Cygwin CI is Scallywag, home grown?, originally available under Appveyor, and now also GHA, which most use, although some purists will not because of principles.

@vszakats
Copy link
Member

vszakats commented Feb 24, 2025

In this case, icacls is just not found, and thus, not launched, and that's it. It's unlikely this by itself causes anything fatal, besides the log messages icacls: not found.
But, since its job wasn't done, it's possible that SSH gets messed up without those expected ACLs.
Agreed that under Cygwin, it'd be better to use its native tools, and a patch with that effect would be welcome. (chmod is already used, but it was insufficient to fix it at the time I made this work in CI. I wasn't aware of setfacl, and it certainly sounds like something that may fix it. Disclaimer it's also possible I missed something. These things are notoriously difficult to address through remote CI machines.)
Ref: e53523f #14859

The ACL utilities are part of the base system package including the DLL and utilities; not often used for directory or file setup: useful if any directory ends up with no DACLs, which means files end up with no ACLs and inaccessible.

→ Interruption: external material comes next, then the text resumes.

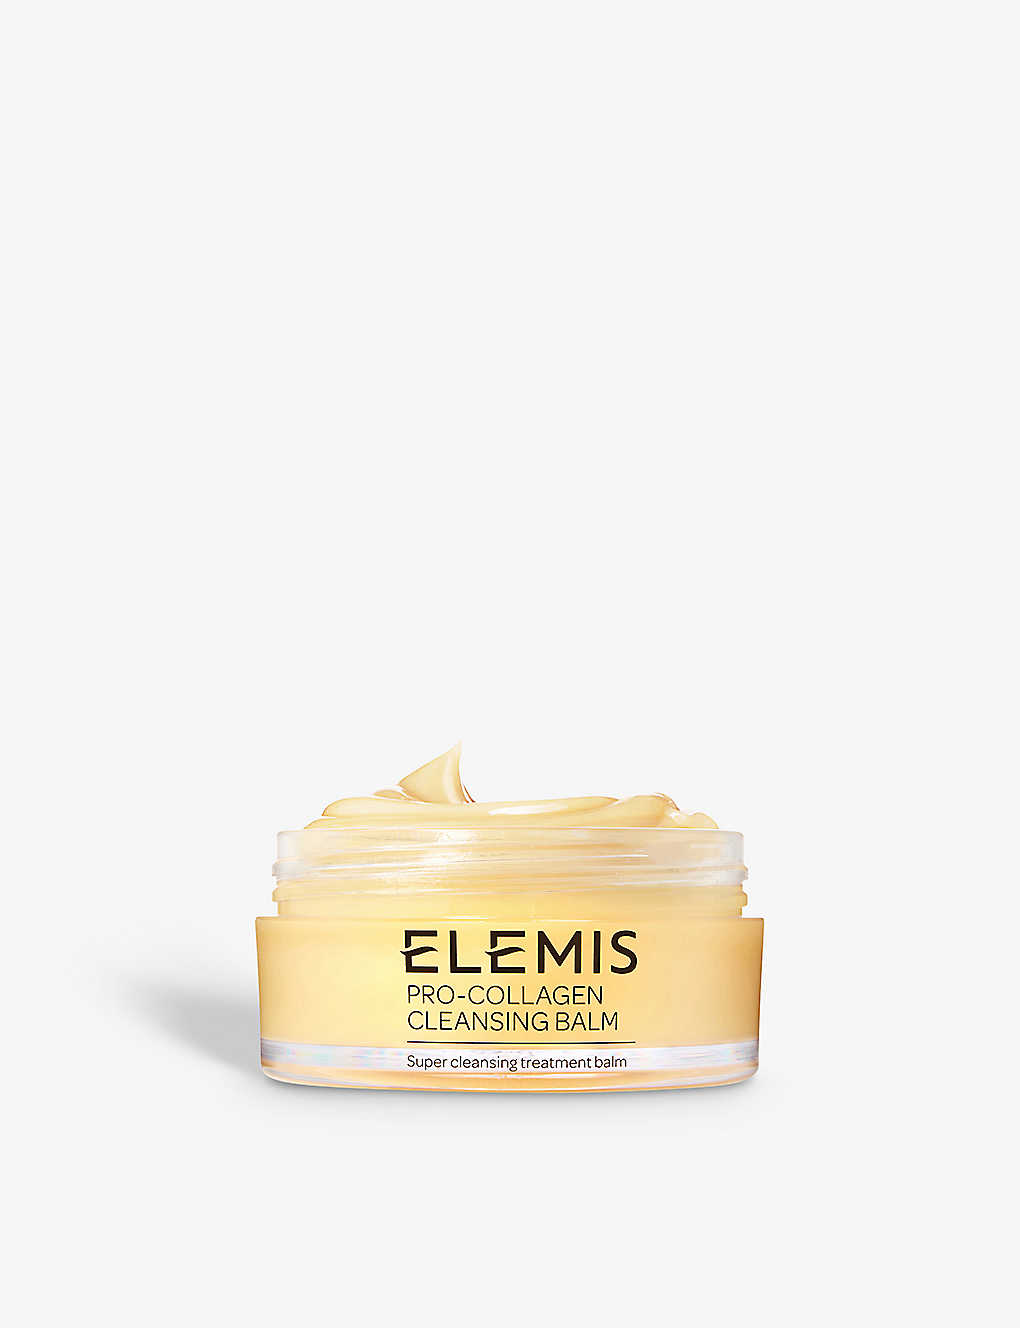 Elemis Pro-collagen Cleansing Balm 100g

The fileutils ch... are part of coreutils which is in install category base - autoinstalled.

My gotos for server and client setup info are the /usr/bin/...config scripts, in this case /usr/bin/ssh-host-config and /usr/bin/ssh-user-config, which normally use chown and chmod either numeric or symbolic. Some scripts set the perms expected, then unset undesirable perms, then check only expected perms are left, in case Windows hierarchies, inheritance, policies interfere.

Cygwin CI is Scallywag, home grown?, originally available under Appveyor, and now also GHA, which most use, although some purists will not because of principles.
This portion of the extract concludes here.